--- About this exercise ---
Below this line are records; transcribe exactly the lines between the one holding "X-Socks Trek Silver - Hiking socks - Women's" and the one holding "XD Plugin API developer community", inclusive, and omit the pictures.

--- Dataset records ---
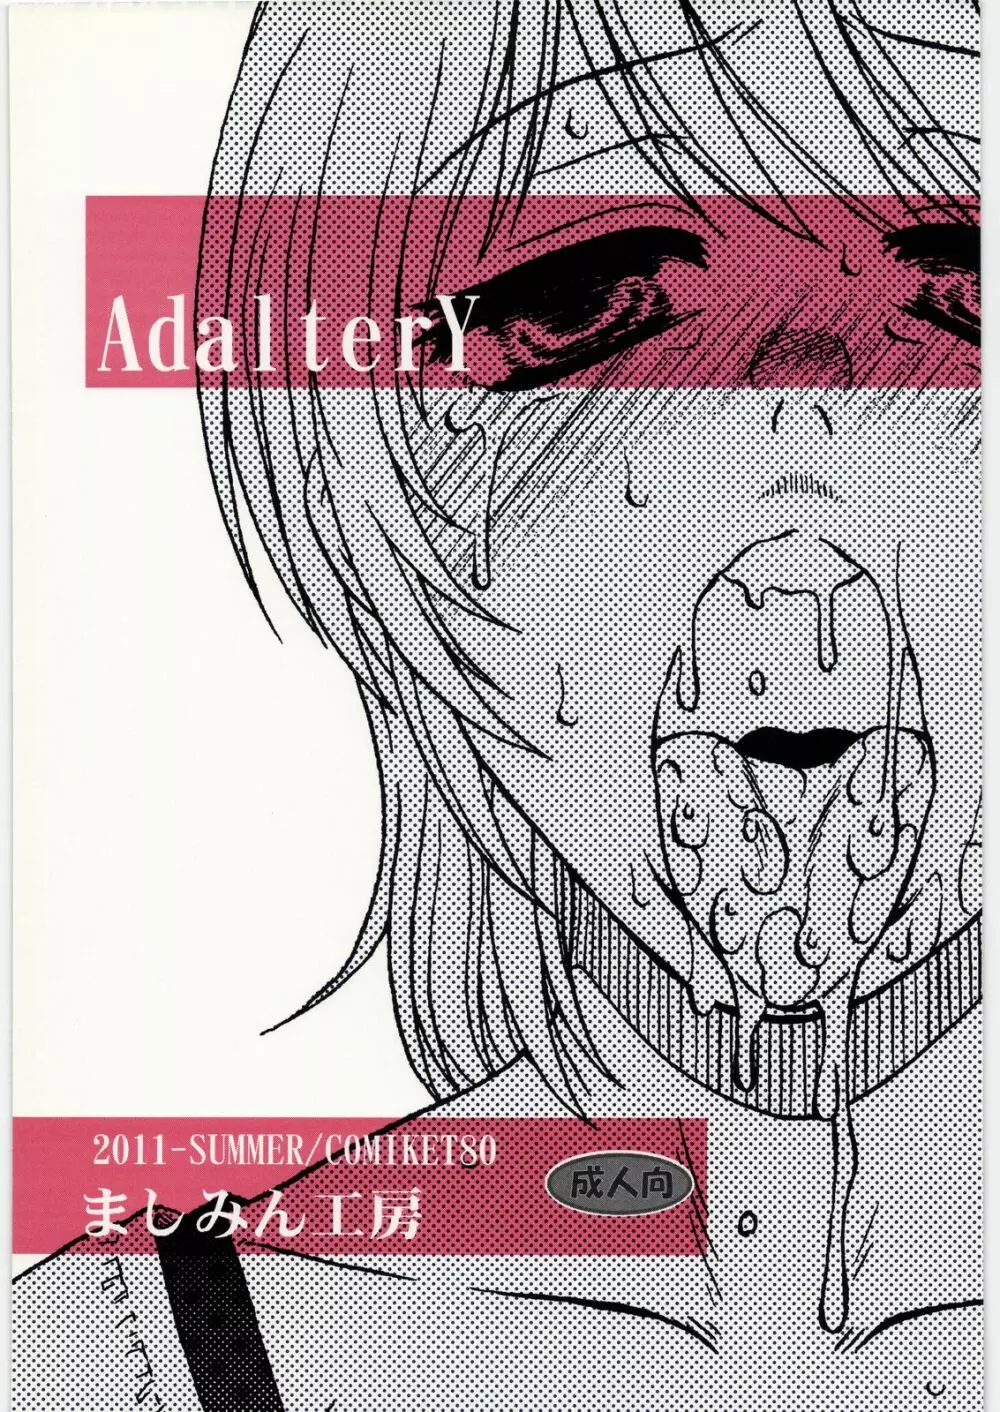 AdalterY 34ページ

==

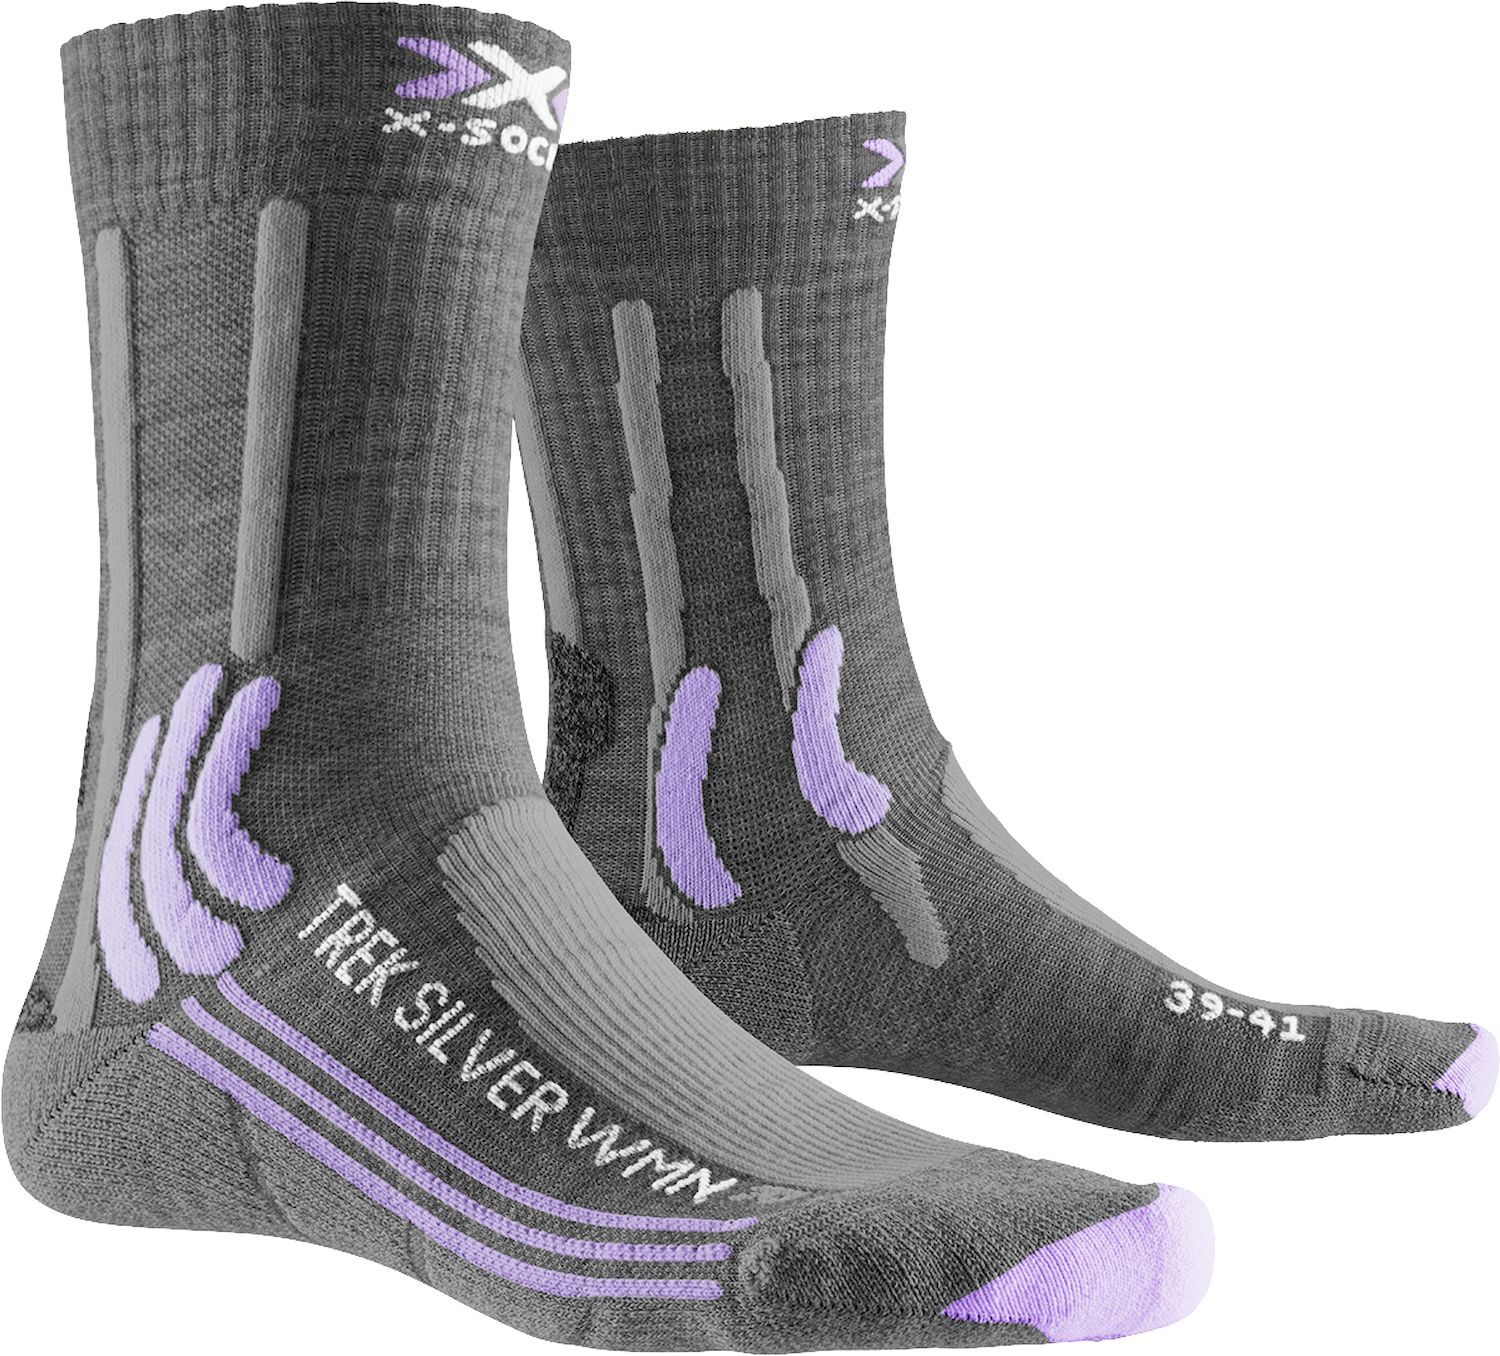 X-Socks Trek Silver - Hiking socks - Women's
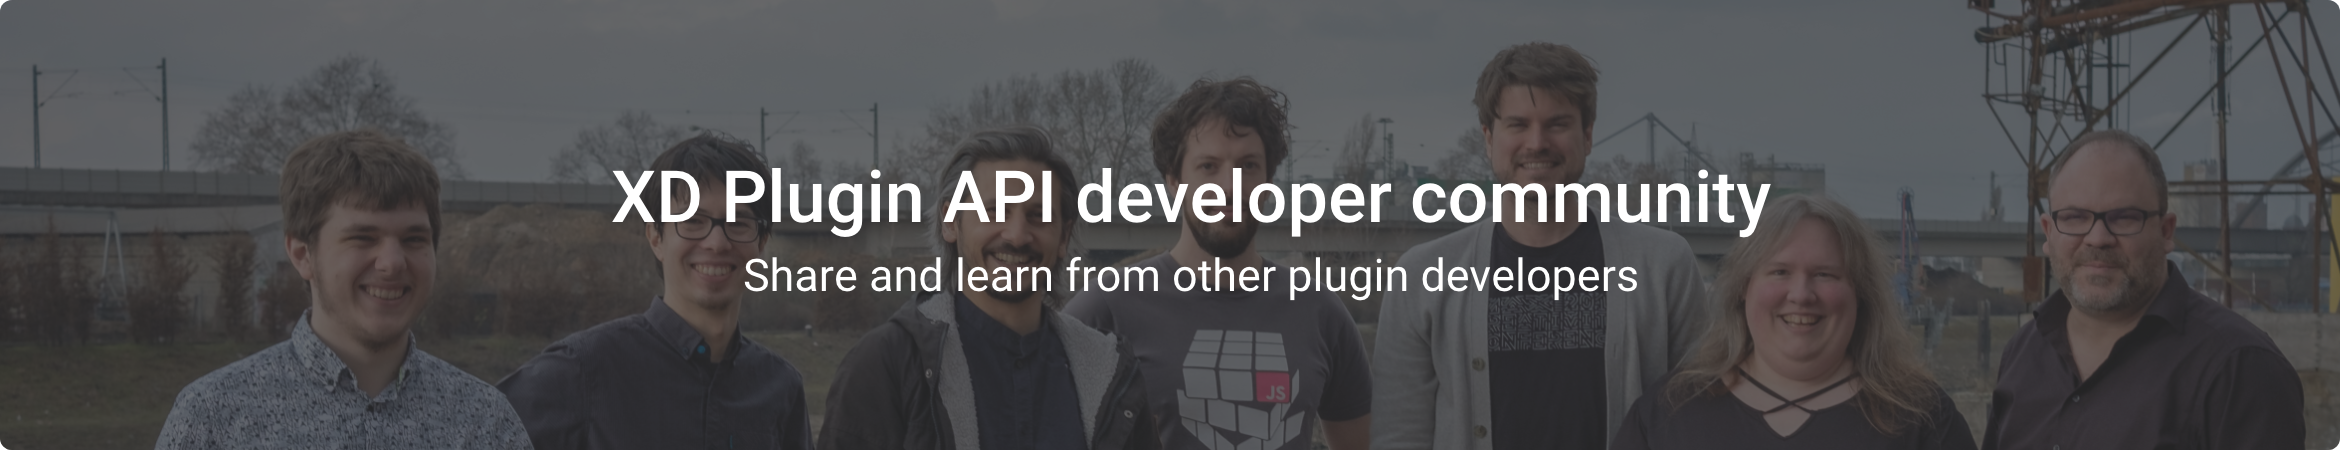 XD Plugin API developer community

--- Exercise result ---
 X-Socks Trek Silver - Hiking socks - Women's
 XD Plugin API developer community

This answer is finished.